Choosing Between Object Storage and Local TSDB - datnguyendv/monitoring_tools GitHub Wiki

This guide helps you decide when to use object storage (e.g., S3, GCS) vs local time-series databases (TSDBs) for long-term metrics storage in observability stacks.

Overview

Monitoring stacks need long-term storage for metrics to support historical analysis, compliance, and reliability. There are two main approaches:

Object Storage: Cloud-native, durable, scalable
Local TSDB: Disk-based performance storage (e.g., Prometheus TSDB, VictoriaMetrics, Cortex chunks)

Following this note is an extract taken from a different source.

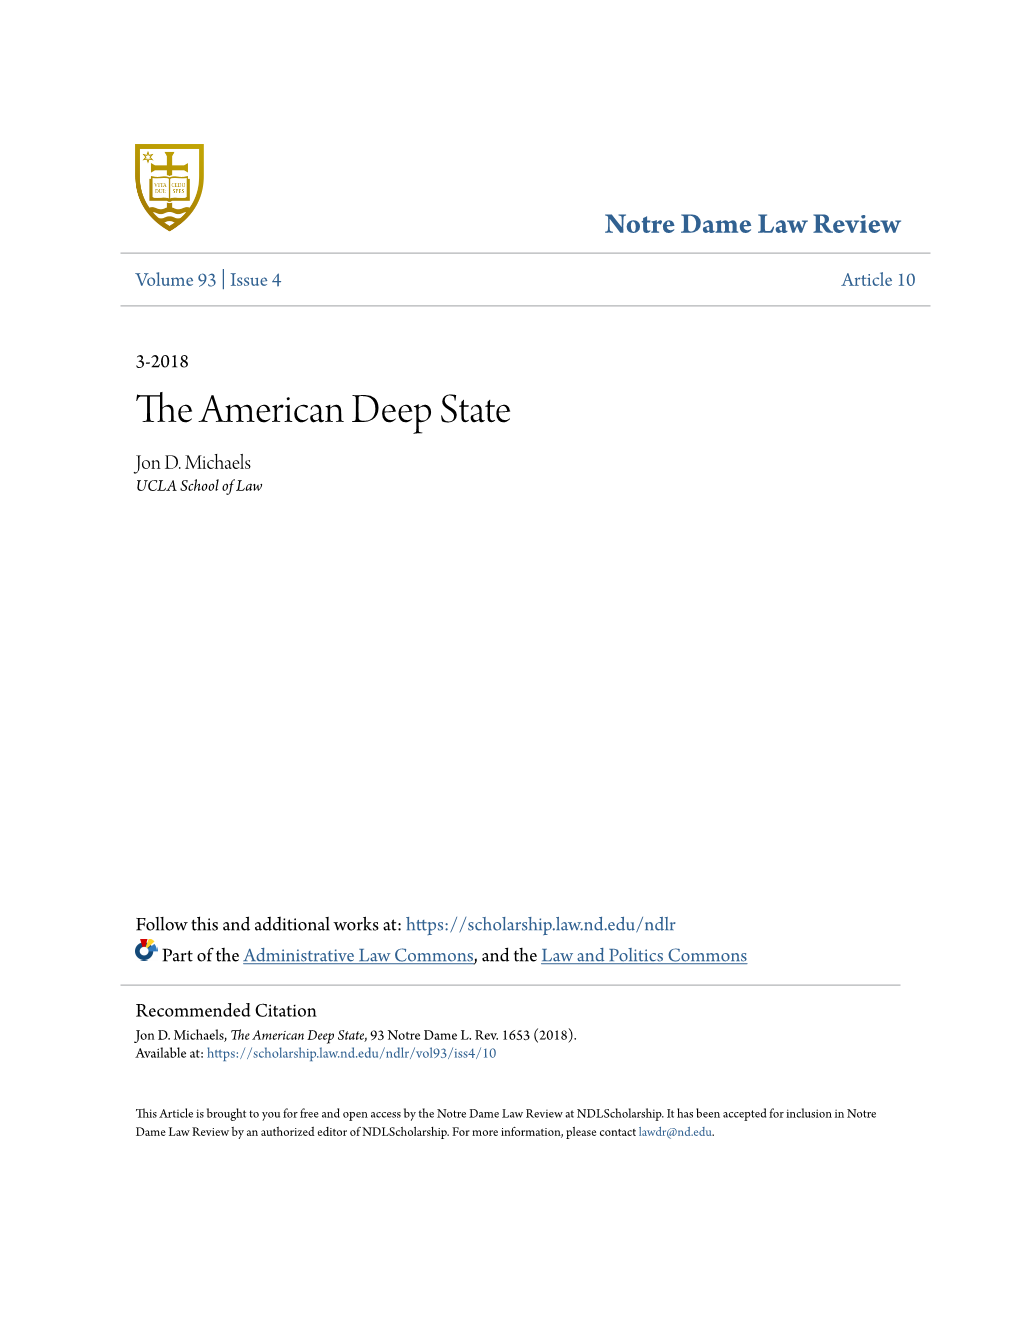 The American Deep State Jon D

Object Storage (S3, GCS, Azure Blob)

Pros:

Infinite scalability
High durability (11 9s)
Ideal for cost-effective long-term retention (months–years)
Integrates natively with Thanos, Cortex, Mimir
Multi-region access possible

Cons:

Query latency is higher (cold data access)
Requires cache layers (e.g., Thanos Store Gateway index cache)
Complex architecture with more moving parts
Write-amplification due to chunk uploads

When to Use:

You have multi-cluster Prometheus and need a global view
Long-term storage >90 days
You're in cloud-native environments (Kubernetes, AWS/GCP)
You need cheap archival storage and can tolerate cold query latency

Local TSDB (e.g., VictoriaMetrics, Prometheus, TSDB on disk)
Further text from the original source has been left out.